The decision of the Hon'ble Supreme Court was reiterated in the case of Maharishi Dayanand
University v. Anand Coop. L/C Society Ltd & Anr., wherein it was observed by the Court that if an
appointment of an arbitrator has been made before 26.10.2005, that appointment has to be treated as
valid even if it challenged before this Court.

The next issue which has been raised in many an appeal i.e. who should decide whether
there is an arbitration agreement or not. Should it be decided by the Chief Justice or his designate
before making an appointment of arbitrator under S.11 or the arbitrator who is appointed under S.11
of the Act?
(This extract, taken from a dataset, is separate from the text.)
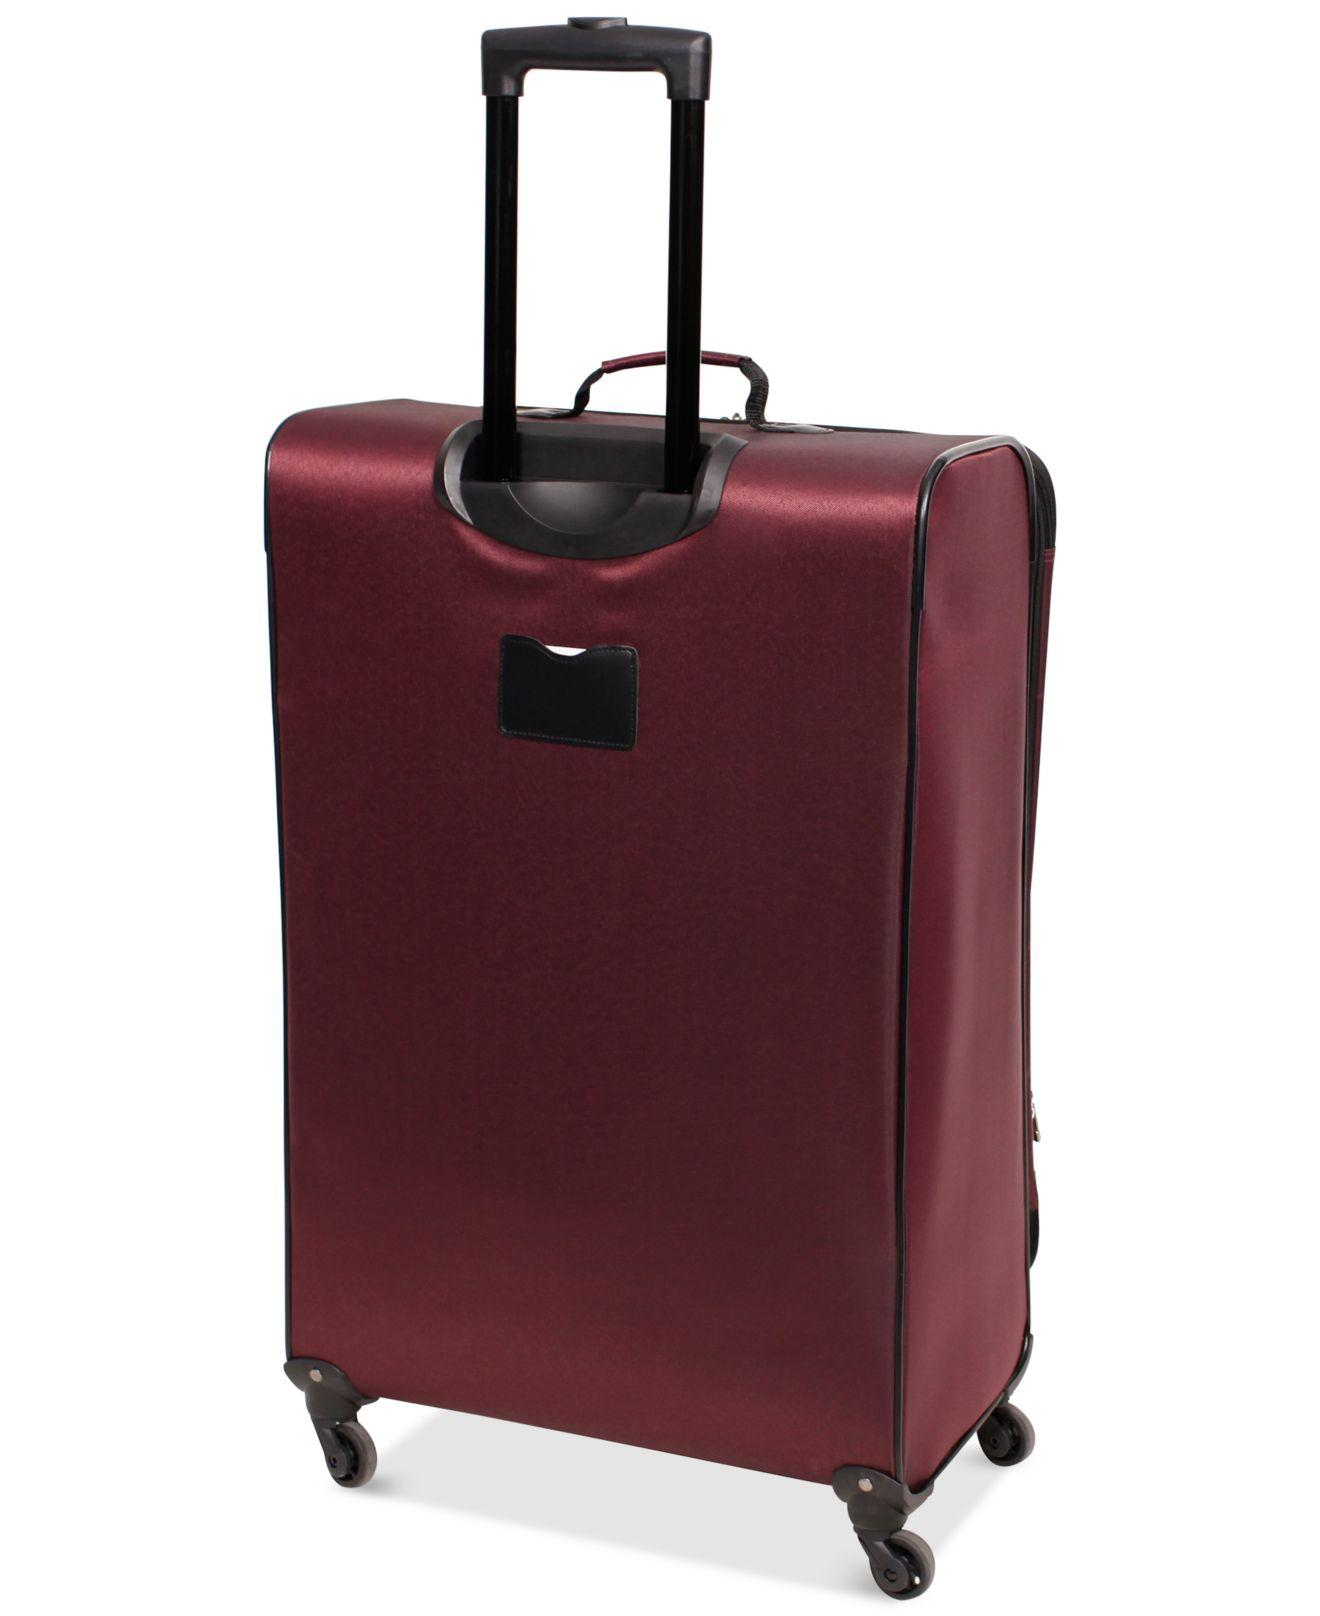 07e711521 Jessica Simpson Tag Daytona 5-pc. Luggage Set, Created For Macy's in ...

This issue is no longer res-integra. Ever since the decision in SBP., it is recognised law,
that any question on whether there is an arbitration agreement or not, or whether the party who has
applied under S.11 of the Act, is a party to such an agreement, is an issue which has to be decided
by the Chief Justice or his designate under S.11 before making appointment of arbitrator.

The decision of the Supreme Court in SBP was a watershed moment in the history of the
Arbitration Act in India. The decision in SBP has gone a long way in clearing many a legal hurdle in
appointment of arbitrators under the Act. It has clearly laid down the law applicable to the exercise
of powers by the Chief Justice or his designate under S. 11 of the Act.

The aim of this Article would hence be achieved by summarizing the powers of the Chief
Justice or his designate under S.11 - his own jurisdiction, to entertain the request, the existence of a
valid arbitration agreement, the existence or otherwise of a live claim, the existence of the condition
for exercise of his power and on the qualifications of the arbitrator or arbitrators, and by believing
that it has cleared many a doubt on the subject.